Dry summer a double whammy for lawn care businesses

KANSAS CITY, Mo. - Sprinklers are the only way Kansas City-area lawns are looking lush these days. Derek Smith is missing green, too -- from his pockets.

"I haven't taken a paycheck home this year yet. Haven't paid myself a dime this whole year," he said.

Smith is the owner and sole employee of Derek's Lawn Care. He is usually busy working from 6:30 in the morning until 4 in the afternoon.

"Today I was finished mowing at 9:30 this morning," Smith said.

Most of his 25 lawns in the Northland are brown and have stopped growing. It's another disappointing season after almost no business removing snow this winter.

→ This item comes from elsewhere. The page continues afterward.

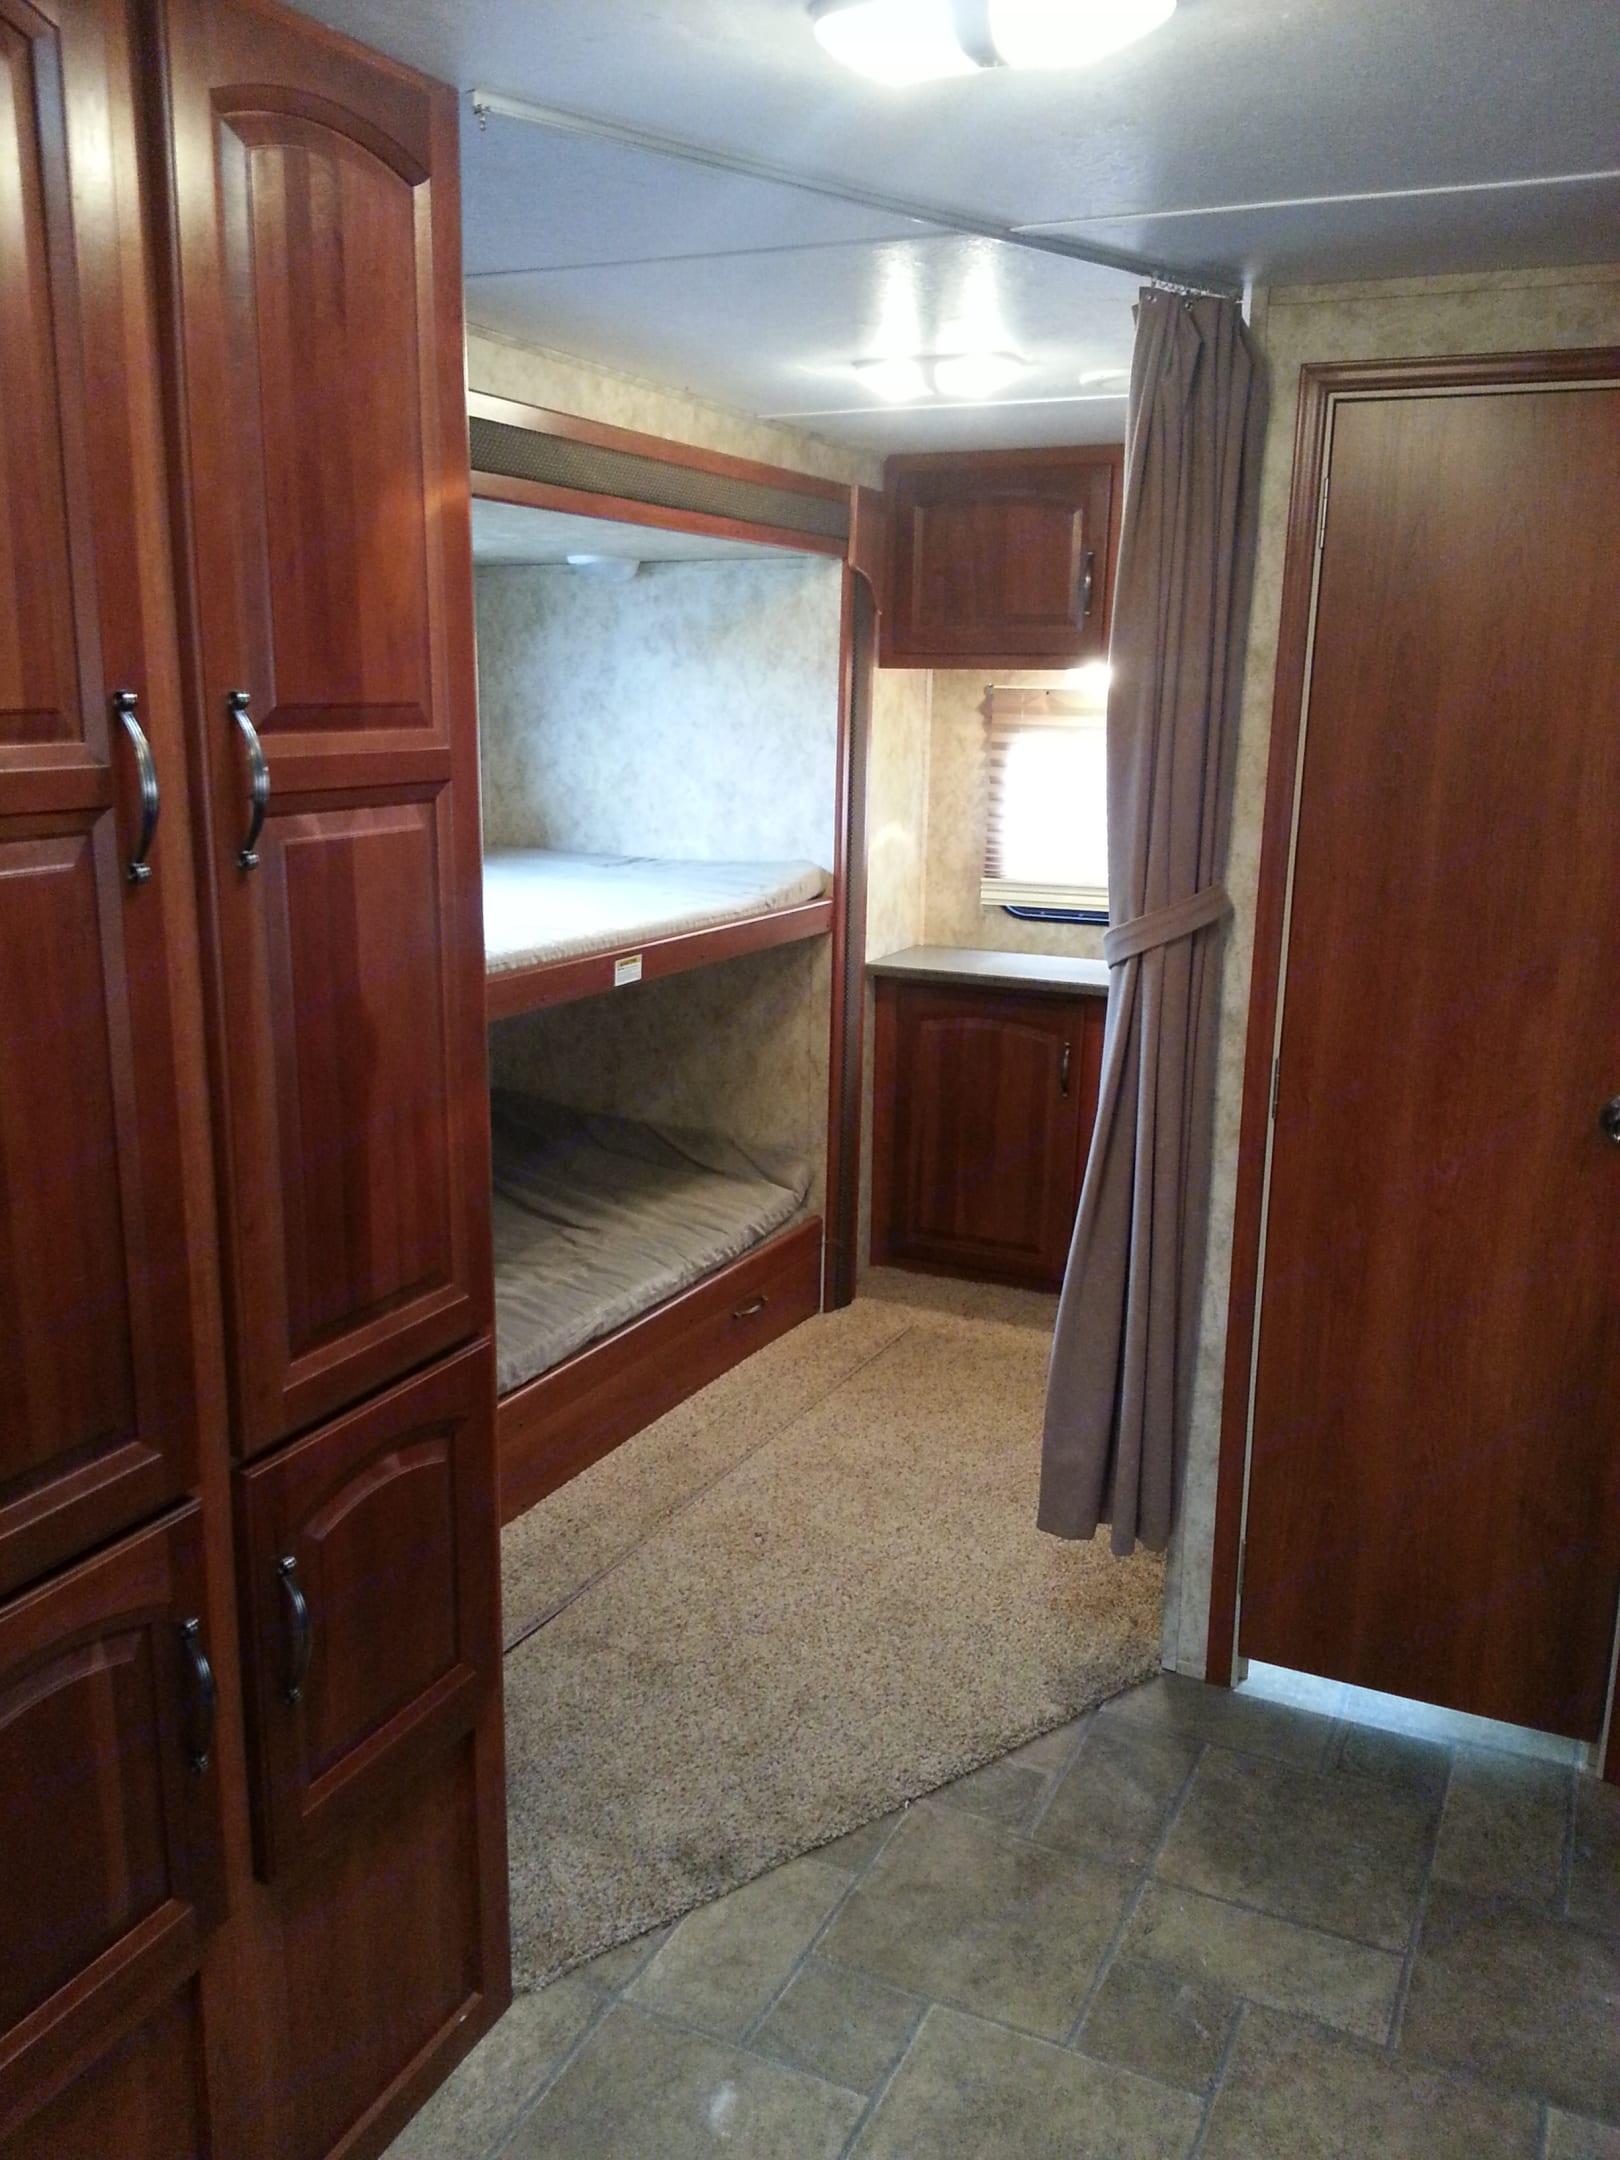 2 twin size bunks. Keystone 11C 2011

"The 3-and-a-half inches that we ended up getting was just a baseball bat in the back of the head," Smith said.

He said the lack of snow cost him $15,000.

The drought comes at a particularly bad time for Smith because in December he spent $100,000 on a new truck and custom-built hydraulic lift system for his trailer.

"It certainly doesn't pay the bills when you're getting home before lunch," he said.

Despite his difficulties, Smith plans to spend an additional $20,000 on snow removal equipment to grow that part of his business. He said that will allow him to take on more customers.

For those trying to keep their yards green, gardening expert Toby Tobin said most lawns need no more than two inches of water per week.

With blue Grass, Tobin recommends watering every two to three days. For fescue, water every three to four days.

Even after a lawn goes dormant, Tobin said it should be watered once every three weeks with half an inch. He said that will leave the lawn hydrated enough to return later.